TASK ITEM: From the records below, please print only the lines from the one containing "King Tekken Dark" through the one containing "Winter River T-shirt - XL", both included. Skip the pictures.

MATERIAL SUPPLIED:
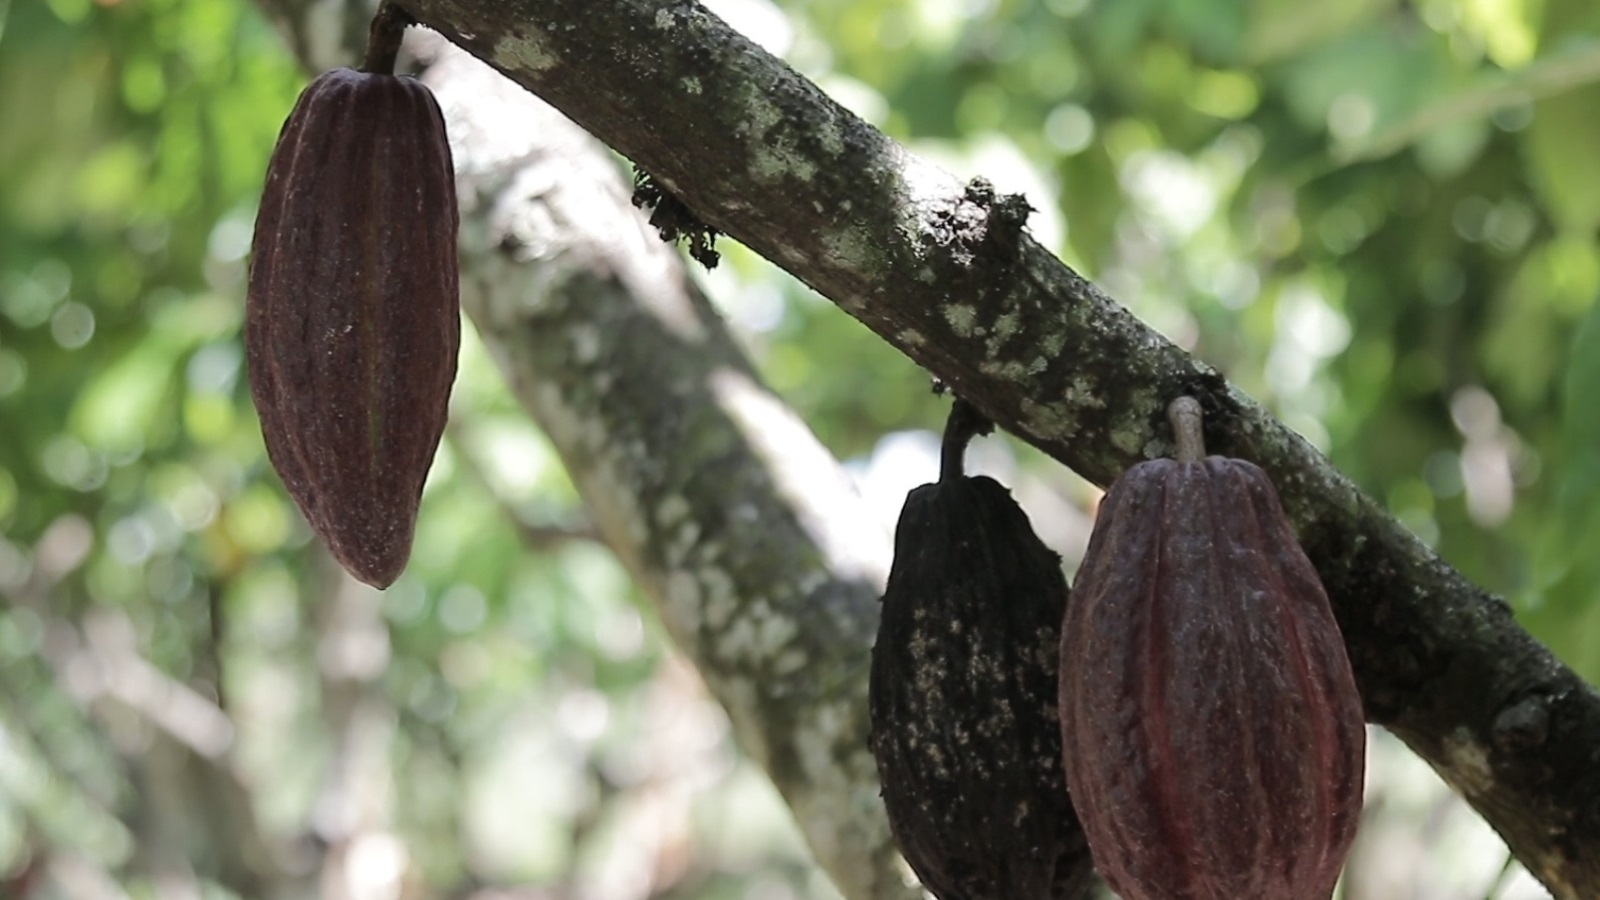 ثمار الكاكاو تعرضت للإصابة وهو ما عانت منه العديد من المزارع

---

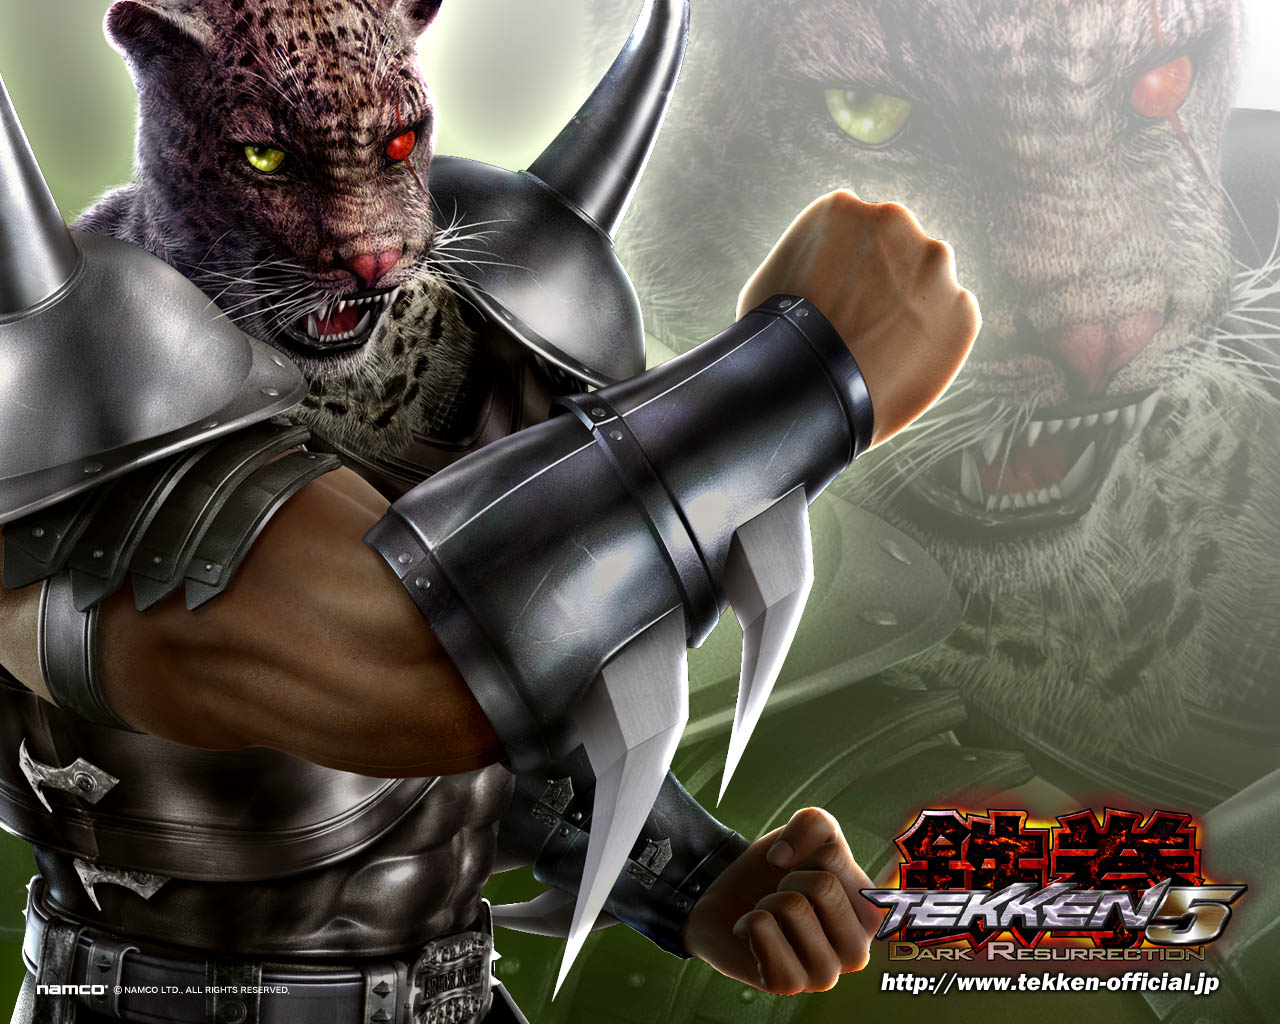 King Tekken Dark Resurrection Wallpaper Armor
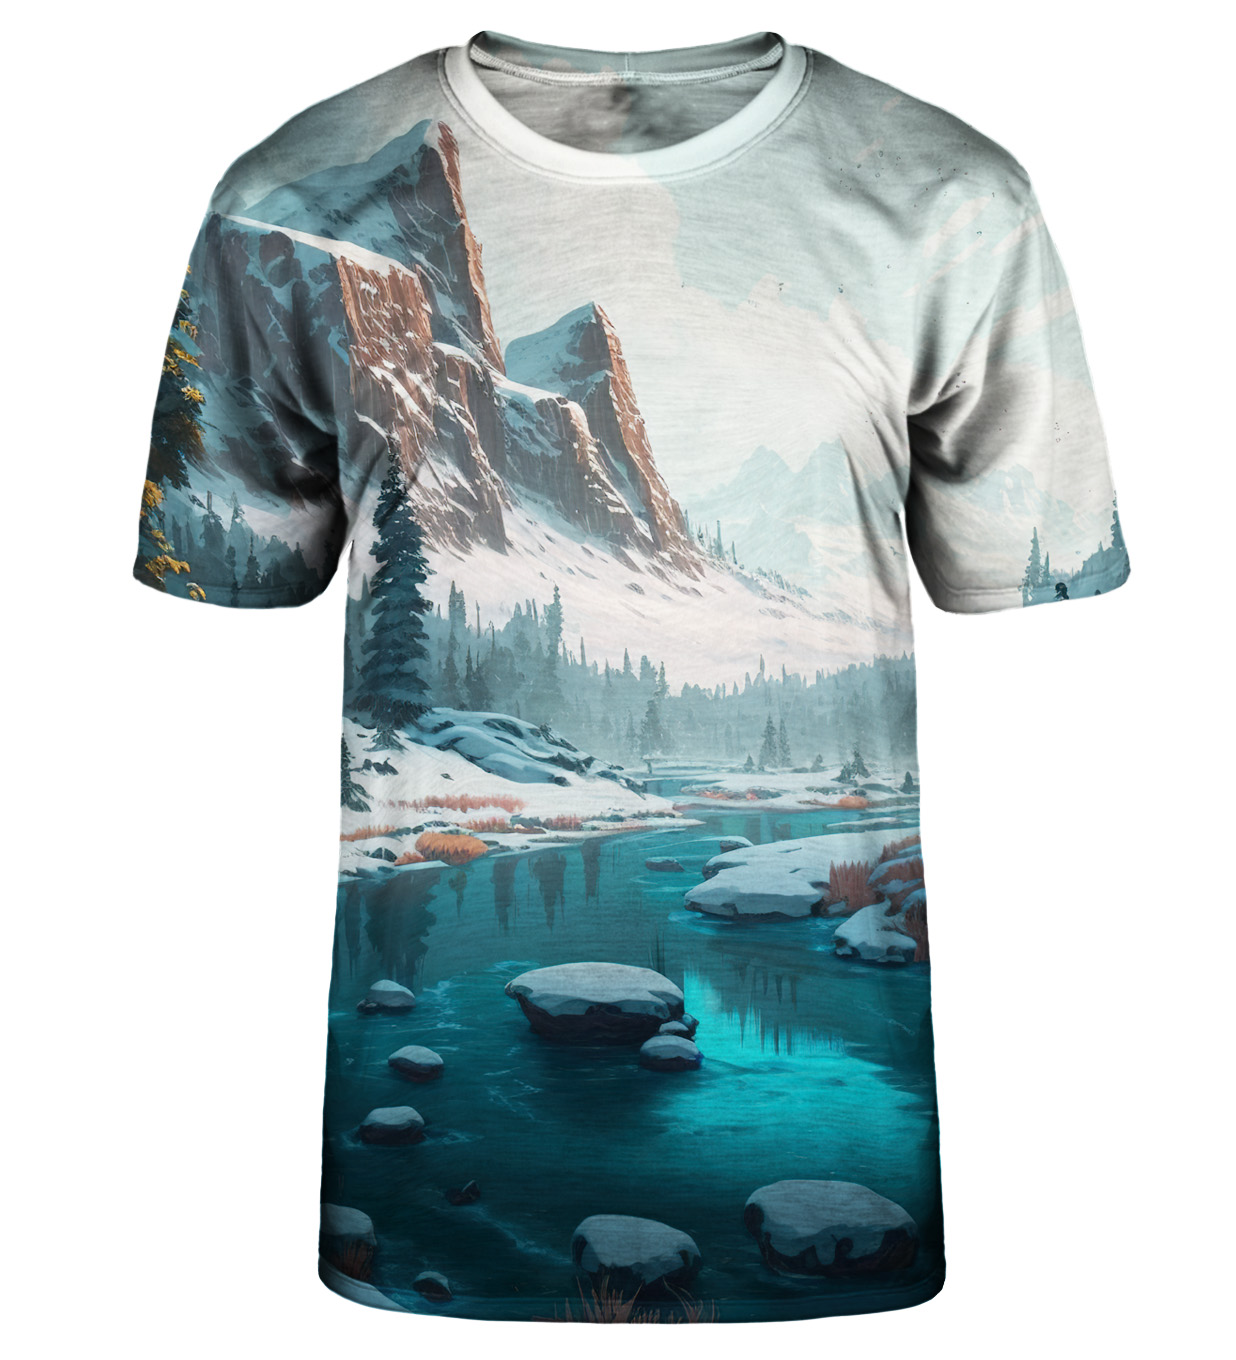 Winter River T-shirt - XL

SOLUTION FOR THIS PROBLEM:
 King Tekken Dark Resurrection Wallpaper Armor
 Winter River T-shirt - XL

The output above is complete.